[Spambayes] Mining the headers
Tim Peters
tim.one@comcast.net
Mon Oct 28 01:07:01 2002
About:
[Tokenizer]
generate_time_buckets: True
extract_dow: True
Across my c.l.py test (10-fold cv; mixed source; 20,000 c.l.py ham + 14,000
bruceg spam) it didn't change the FP, FN or unsure rates, but there's
nothing that's ever going to get rid of my 2 remaining FP and 2 remaining
FN.
There's evidence that bruceg got spam more often on weekends than c.l.py got
ham on weekends, and mostly because c.l.py traffic drops on weekends.
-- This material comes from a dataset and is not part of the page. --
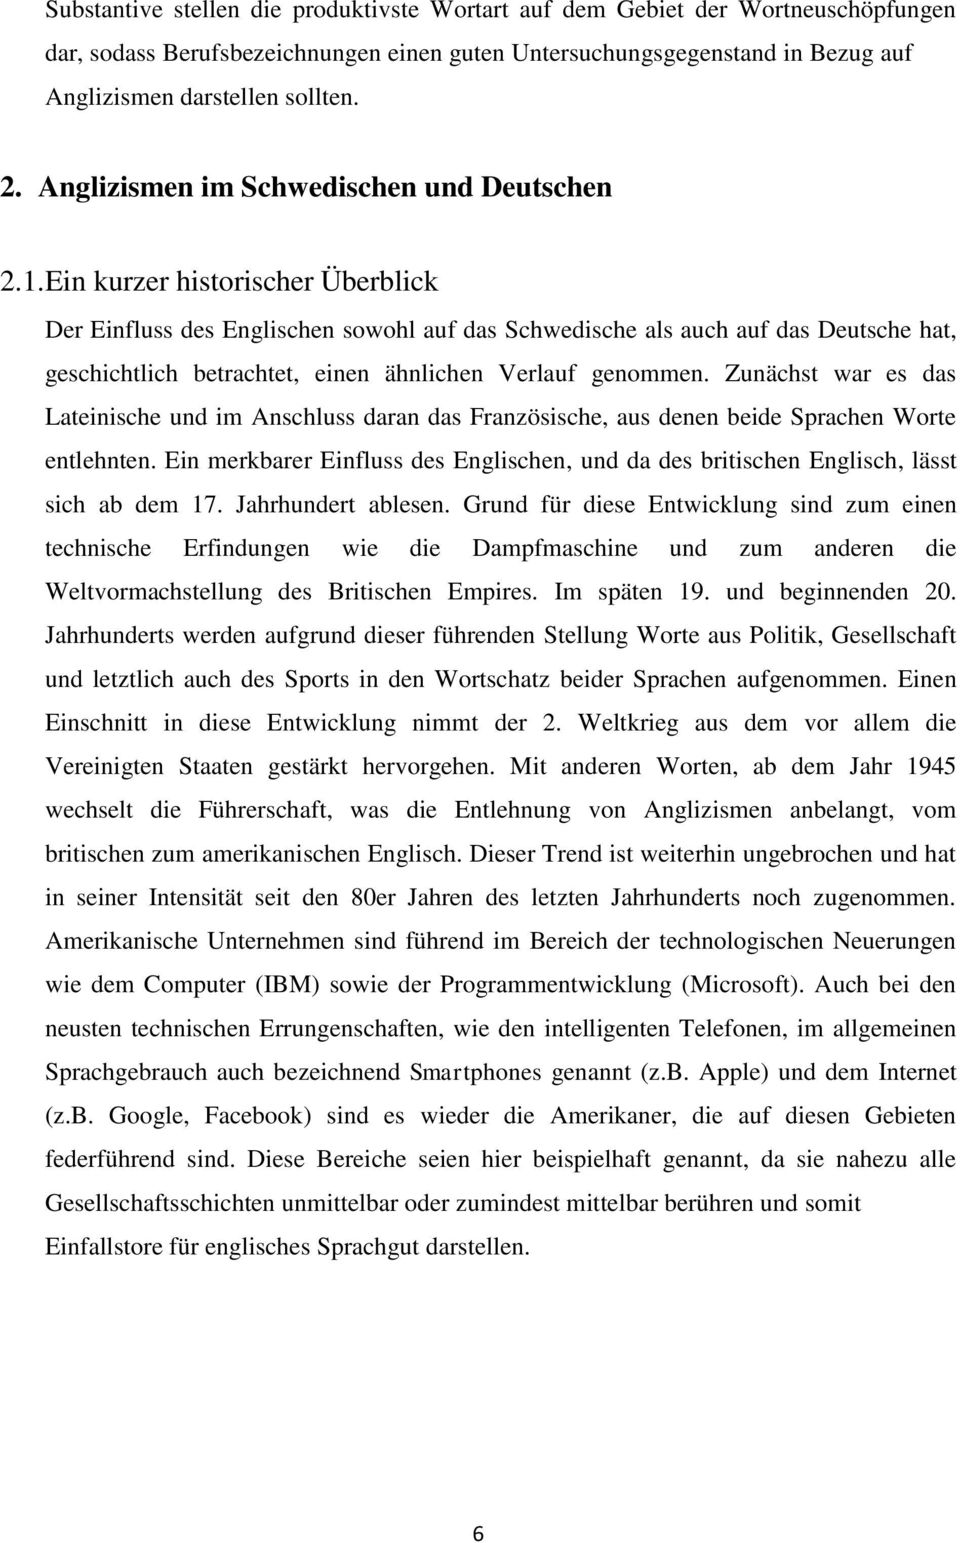 Ein kurzer historischer Überblick Der Einfluss des Englischen sowohl auf das Schwedische als auch auf das Deutsche hat, geschichtlich betrachtet, einen ähnlichen Verlauf genommen.

Here
in decreasing order of spamprob, but from just 1 of the 10 classifiers built
during the test:
'dow:invalid' 57 426 0.913973614869
'dow:5' 1611 1562 0.580722462655
'dow:6' 1599 1413 0.557982096725
'dow:1' 2982 1701 0.449007117316
'dow:0' 2738 1480 0.435736703465
'dow:3' 3067 1661 0.436204501487
'dow:4' 2860 1535 0.433990360589
'dow:2' 3086 1642 0.431861726944
NOTE: Since I'm running with the default robinson_minimum_prob_strength ==
0.1, all words with spamprob between 0.4 and 0.6 are ignored. Therefore
only the 'dow:invalid' token *could* have had an effect on this test.
Time buckets show higher spamprobs in the hours most of America is asleep.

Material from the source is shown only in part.